* **Recorded data**

====

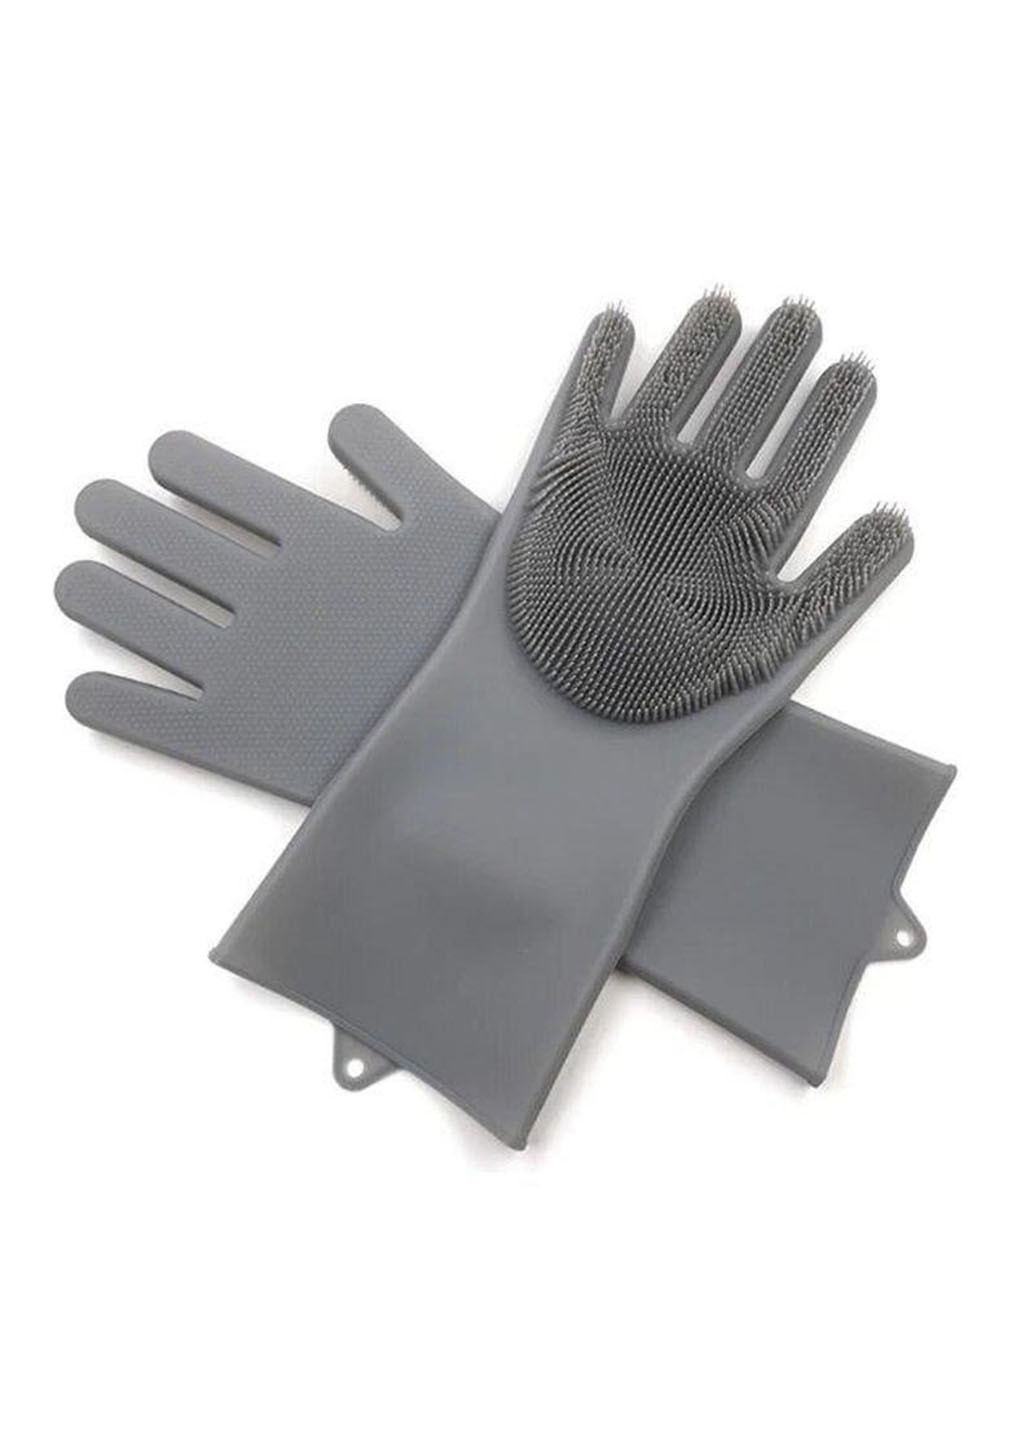 Силиконовые перчатки универсальные для мойки посуды и уборки дома Better Glove Idea (260555028)
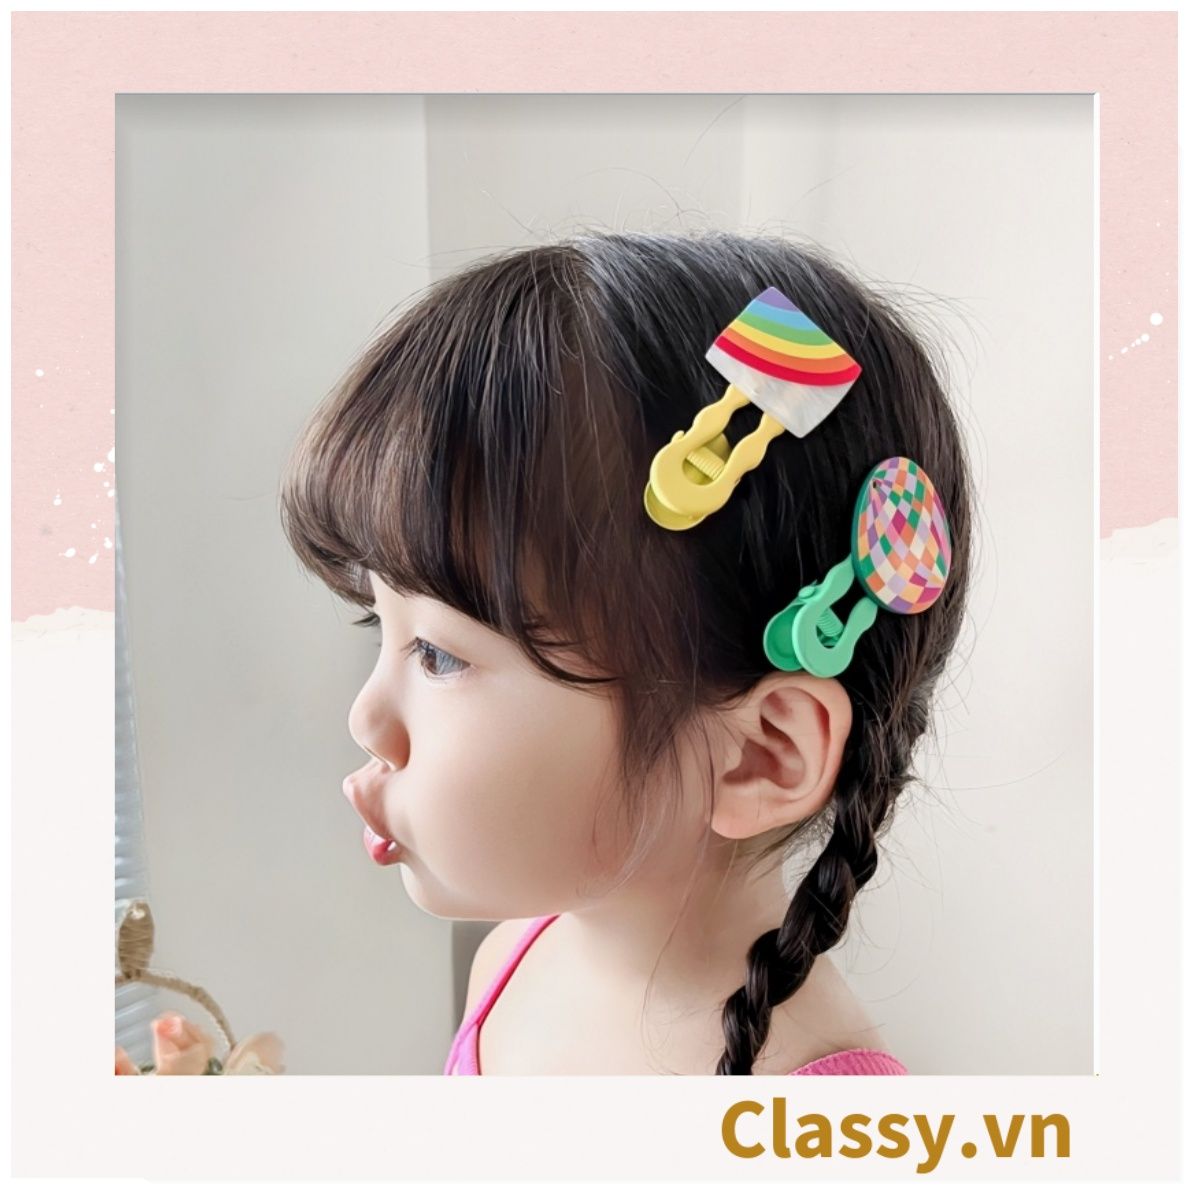  Bộ 2 kẹp tóc mái cho bé gái, nhiều màu nhiều họa tiết đáng yêu PK1237 
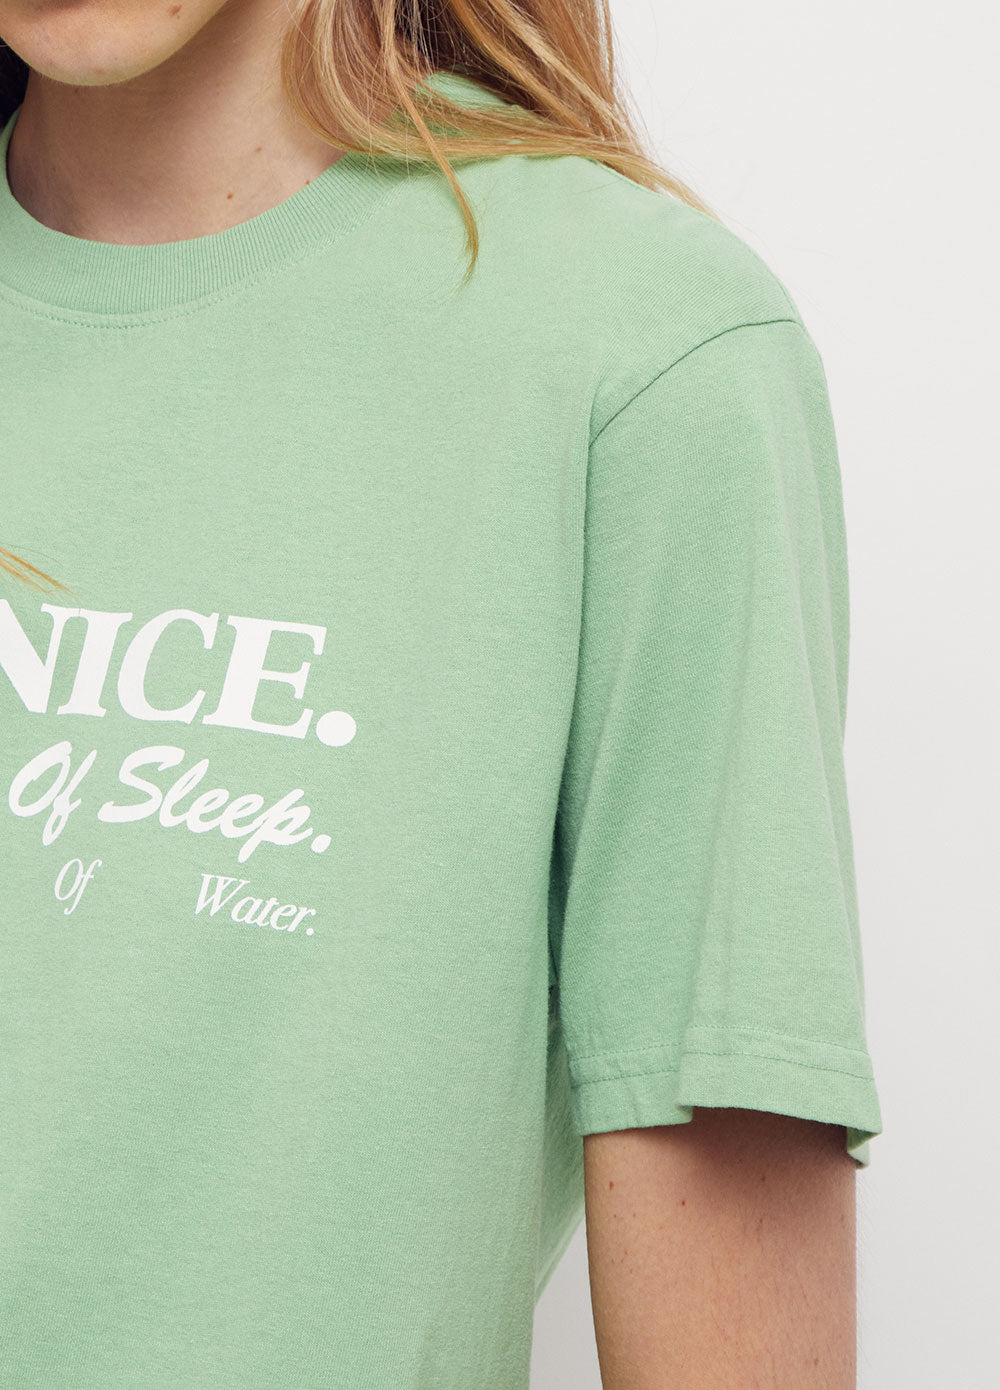 Be Nice T-shirt

====

* **Task details**
Give back, exactly and with nothing added, the lines from the line with "Bộ 2 kẹp tóc" through the final line of the data, both included; leave pictures out.

* **Answer area**
  Bộ 2 kẹp tóc mái cho bé gái, nhiều màu nhiều họa tiết đáng yêu PK1237 
 Be Nice T-shirt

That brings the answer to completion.